|M.Sc Student||Ostromohov Nadya|
|Subject||High Sensitivity Sequence-Specific Detection of Nucleic|
Acids Using Isotachophoresis and Peptide Nucleic
Acid Probes on a Microfluidic Chip
|Department||Department of Mechanical Engineering||Supervisor||ASSOCIATE PROF. Moran Bercovici|
|Full Thesis text|
Sensitive, sequence specific DNA detection plays a crucial role in various biosensing applications including medical diagnostics, medical and biological research, food and water safety and forensics. The use of amplification techniques such as polymerase chain reaction (PCR) is a common approach for improvement of sensitivity. However, PCR reactions suffer from an inherent amplification bias, and require significant sample preparation, and a well-controlled environment. This results in a growing need for simpler and faster alternatives to amplification. An amplification-free nucleic acids detection method able to reduce the typical assay time is of special importance in faster disease diagnosis and treatment.

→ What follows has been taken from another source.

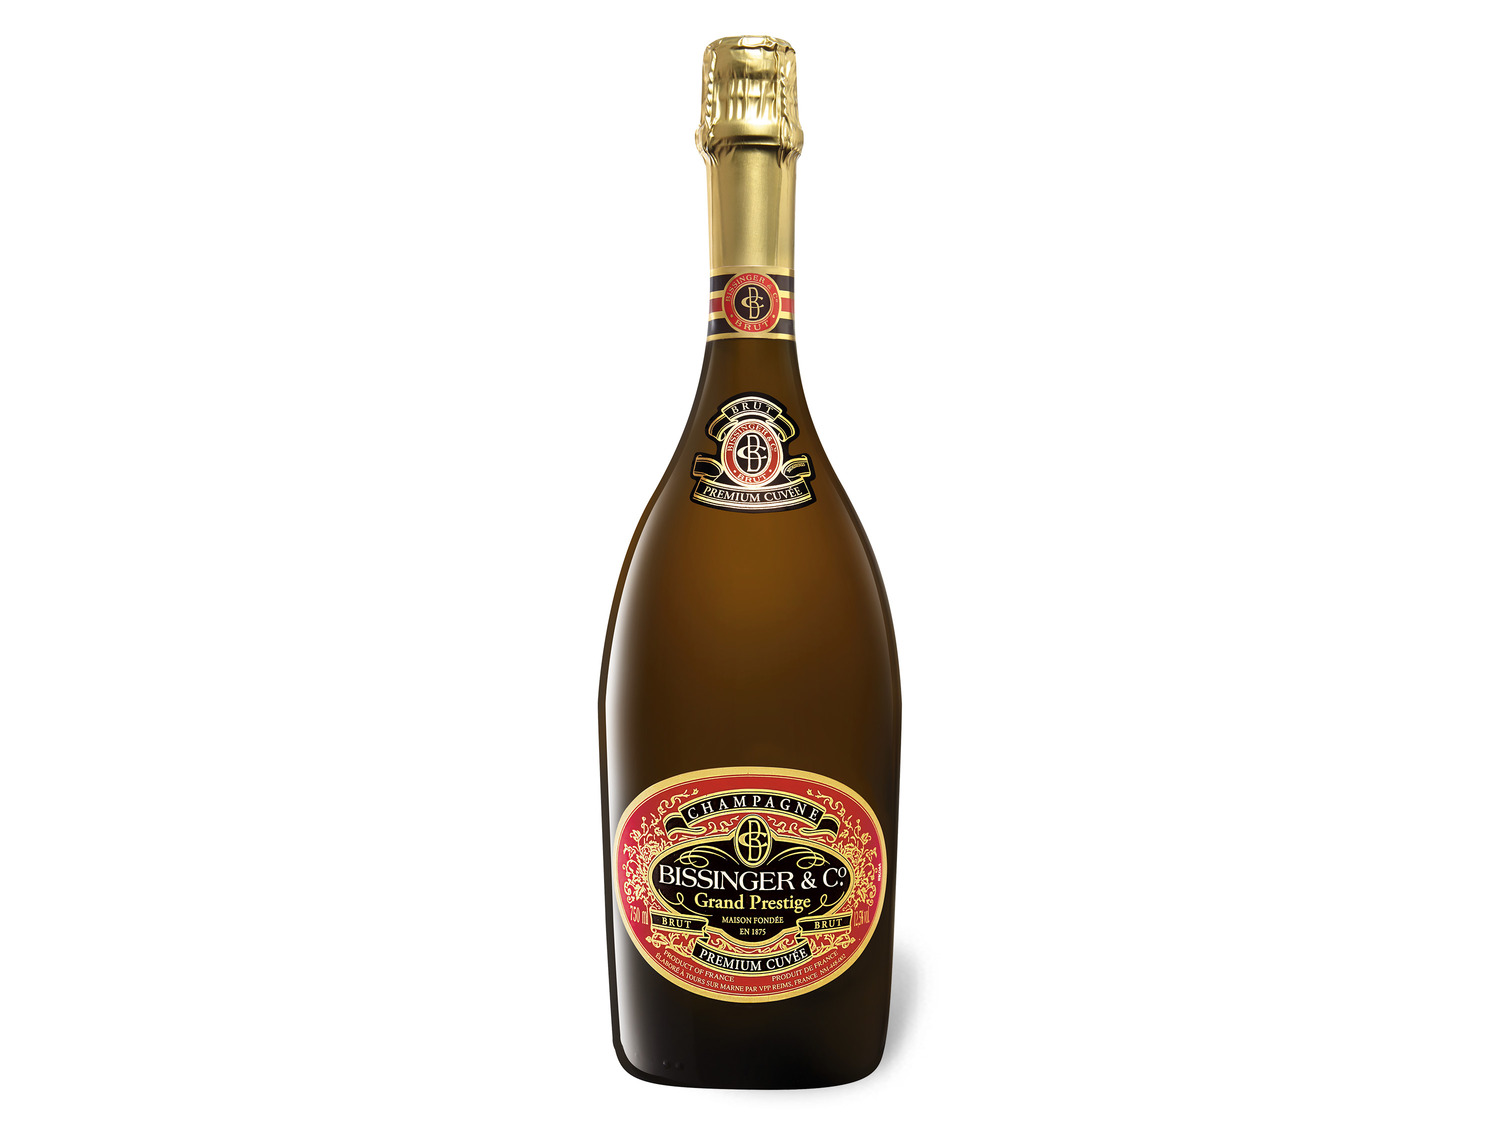 Bissinger Grand Prestige Premium brut, Cuvée Champagner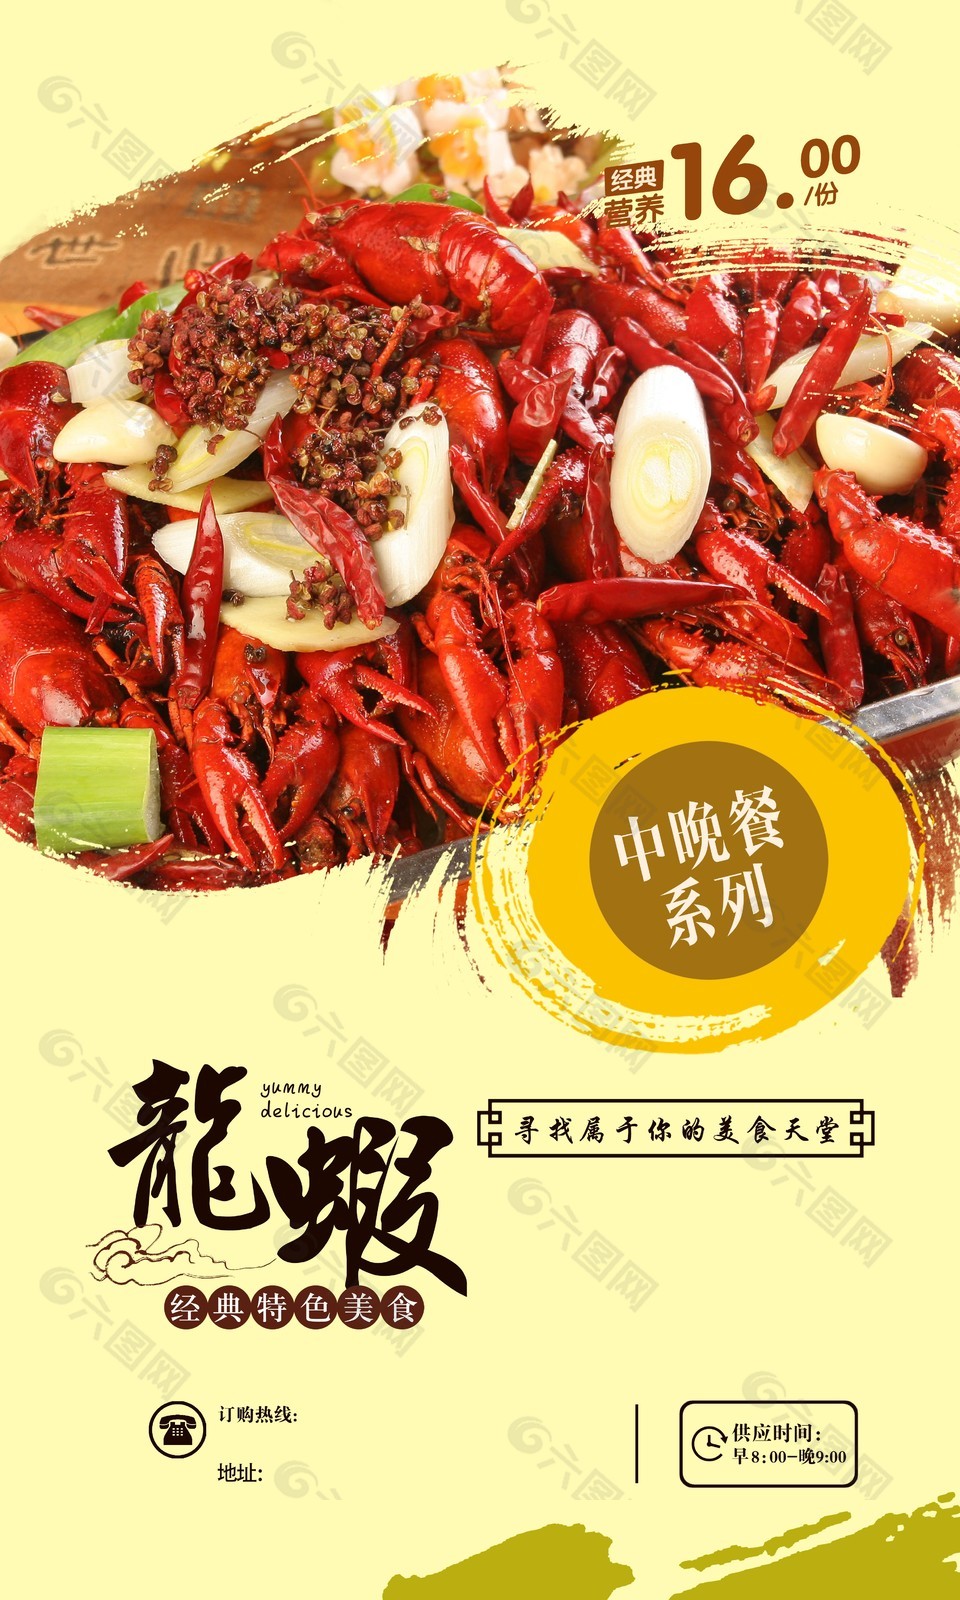 经典特色美食小龙虾活动宣传海报素材

We present a novel assay for rapid high sensitivity detection of nucleic acids without amplification using isotachophoresis and peptide nucleic acid (PNA) probes. Isotachophoresis (ITP) is an electrophoretic technique in which analytes of interest can be focused at the interface between two electrolytes characterized by high and low electrophoretic mobilities. Utilizing the neutral backbone of peptide nucleic acids, our method is based on the design of low electrophoretic mobility PNA probes, which do not focus under isotachophoresis unless bound to their target sequence. Thus, background noise associated with free probes is entirely eliminated, while maintaining a simple single-step assay requiring no amplification steps. We provide a detailed analytical model which allows predicting the length of targets that could be focused, for a given ITP chemistry, and experimentally demonstrate detection of targets as short as 17 nt and a limit of detection of 100 fM with a dynamic range of 5 decades. The assay requires 15 min to complete, and can be potentially used for a wide range of applications where rapid and highly sensitive detection of nucleic acid biomarkers is required.